The concrete YAML-backed SubtitleKnowledgeBase in infrastructure remains
the sole adapter — no rename, no shim. With this change
alfred/domain/subtitles/ has zero imports from alfred/infrastructure/.
Also extend the changelog entry covering the full domain-io-extraction
branch.
Low-risk cleanup items, no functional change to the parser. The
philosophy remains: keep the parser simple, the AI handles edge cases.
- Extract duplicated 'fs-safe title → dot-folder-name' regex into
to_dot_folder_name() in domain/shared/value_objects.py. Used by both
MovieTitle.normalized() and TVShow.get_folder_name() (item #5).
- ParsedRelease.languages now uses field(default_factory=list) instead
of a manual __post_init__ assigning [] via object.__setattr__ (#6).
- tv_shows/entities.py module docstring: prepend ASCII ownership tree
for quicker visual scan of the aggregate hierarchy (#7).
- file_extensions.yaml: split subtitle sidecars (.srt/.sub/.idx/.ass/.ssa)
into a dedicated 'subtitle:' category instead of lumping them under
'metadata:'. _METADATA_EXTENSIONS at the value_objects.py level remains
the union of both — detect_media_type behavior unchanged. New loader
load_subtitle_extensions() exposes the distinct subtitle set for future
callers in the subtitles domain (#20).
Suite: 1020 passed, 8 skipped.
10 pathological release names mined from the real downloads folder.
Each fixture locks in the current parse_release output (including
its silent losses and false positives) so future parser improvements
are intentional, not silent drift.
Cases:
- Khruangbin yt-dlp slug (UTF-8 wide pipe '|', YT ID as group)
- Deutschland 83-86-89 franchise box (group=S03 misdetection)
- Chérie Le BéBé (accented chars preserved, VFF language)
- Jimmy Carr 8-word stand-up special title
- [ OxTorrent.vc ] prefix + XviD codec (site_tag prefix)
- Prodiges S12E01 with episode title + air-date silently lost
- The Prodigy: apostrophe + Blu-ray dash + 1080i + multi-word audio
= full AI-path degeneration (everything UNKNOWN)
- Sleaford Mods yt-dlp slug (YT ID glued to year)
- Super Mario Bros [FR-EN] (bilingual tag mistaken for group)
- Gilmore Girls Complete S01-S07 (the well-behaved exception:
COMPLETE token correctly drives tv_complete + REPACK + 10bit)

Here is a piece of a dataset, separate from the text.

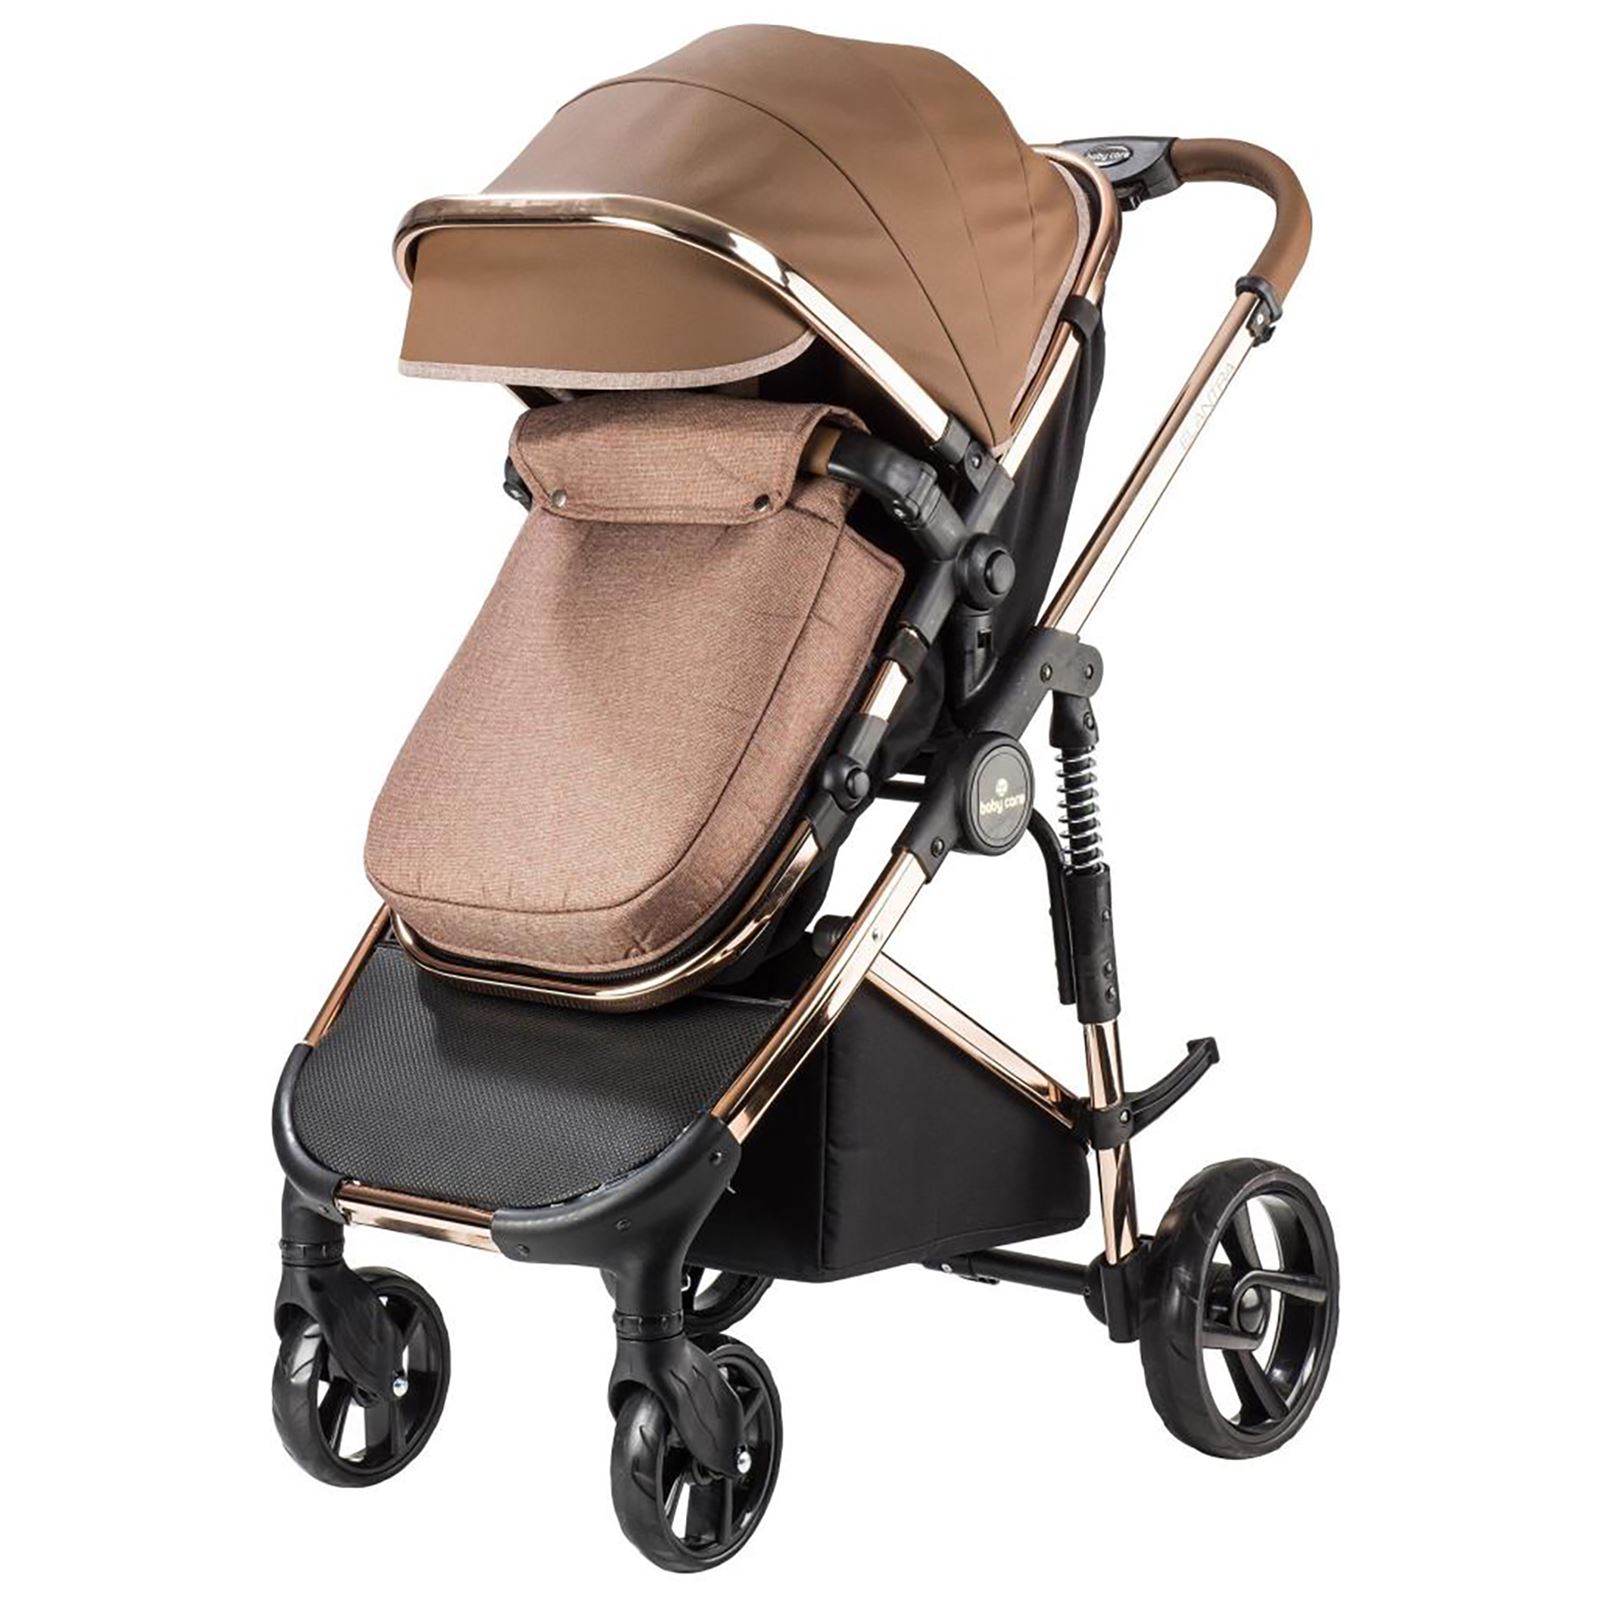 BabyCare Elantra Premium Travel Puset Sistem Bebek Arabası Gri

Also adds shitty + path_of_pain to the per-bucket sanity assertion.
Suite: 1020 passed, 8 skipped.
Add 15 expected.yaml fixtures under tests/fixtures/releases/shitty/
covering the awkward but real-world release names from the downloads
folder. Each fixture locks in the current parse_release behavior so
future parser changes are intentional, not silent drift.
Cases captured:
- Angel INTEGRALE 3-level hierarchy (tv_complete media_type)
- Buffy custom French title with dots preserved
- Archer S14E09E10E11 multi-episode (E11 lost — tech debt)

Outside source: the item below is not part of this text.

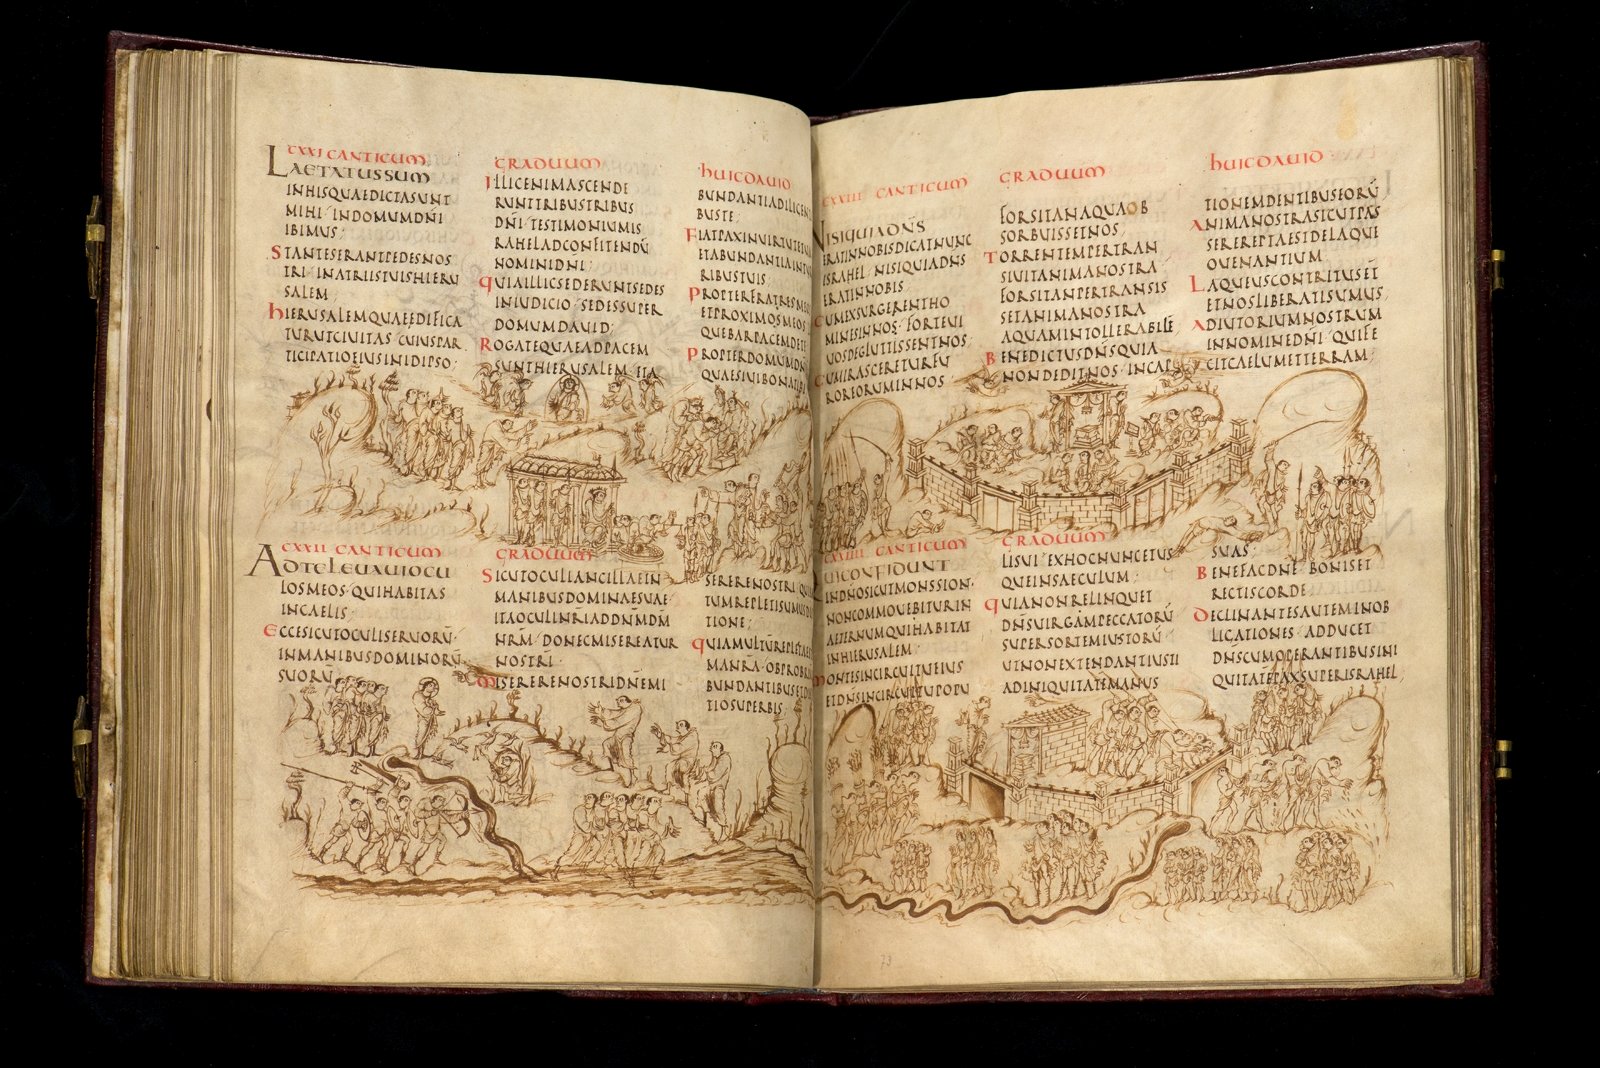 Twee pagina's met tekst en tekeningen uit het Utrechtse Psalter

- Notre Planète lowercase s01e01
- Vinyl ' - 1x01 - FHD' (stray dash artifact — tech debt)
- Deutschland.83 (year-suffix as part of title)
- Tatortreiniger S01-06 range (falls to movie — tech debt)
- Derry Girls duplicated title
- Jurassic Park bare folder (media_type=unknown)
- La Nuit au Musée bilingual MULTI
- Chérie j'ai agrandi (ASCII-stripped apostrophe, parses fine)
- Honey Don't (unescaped apostrophe — full AI-path degeneration)
- Hook MULTi.SUBS movie with Subs/ folder
- Predator Badlands space separators (group=UNKNOWN — tech debt)
- Westworld S04 Subs.Only (no video file)
Each fixture also captures the future 3-flow routing (library /
torrents / seed_hardlinks) ahead of the organize_media refactor.
Suite: 1011 passed, 8 skipped.
Captures 5 canonical releases from /mnt/testipool/downloads as parametrized
fixtures under tests/fixtures/releases/easy/. Each fixture declares the
release name, expected ParsedRelease fields, original tree, and the future
routing (library / torrents / seed_hardlinks) for the upcoming organize_media
refactor.
Today only the 'parsed' section is asserted; tree is materialized into a
tmp_path to catch typos. Routing is captured ahead of the planner work — it
becomes verifiable once organize_media lands.
Cases: back_in_action (movie), slow_horses_single_ep (TV single),
foundation_season_pack (S02 + .nfo noise), long_walk_with_noise (movie +
KONTRAST.TOP.txt), sinners_yts (YTS bracket-heavy + Subs/ dir).
Also tracks CHANGELOG.md under [Unreleased] / Added.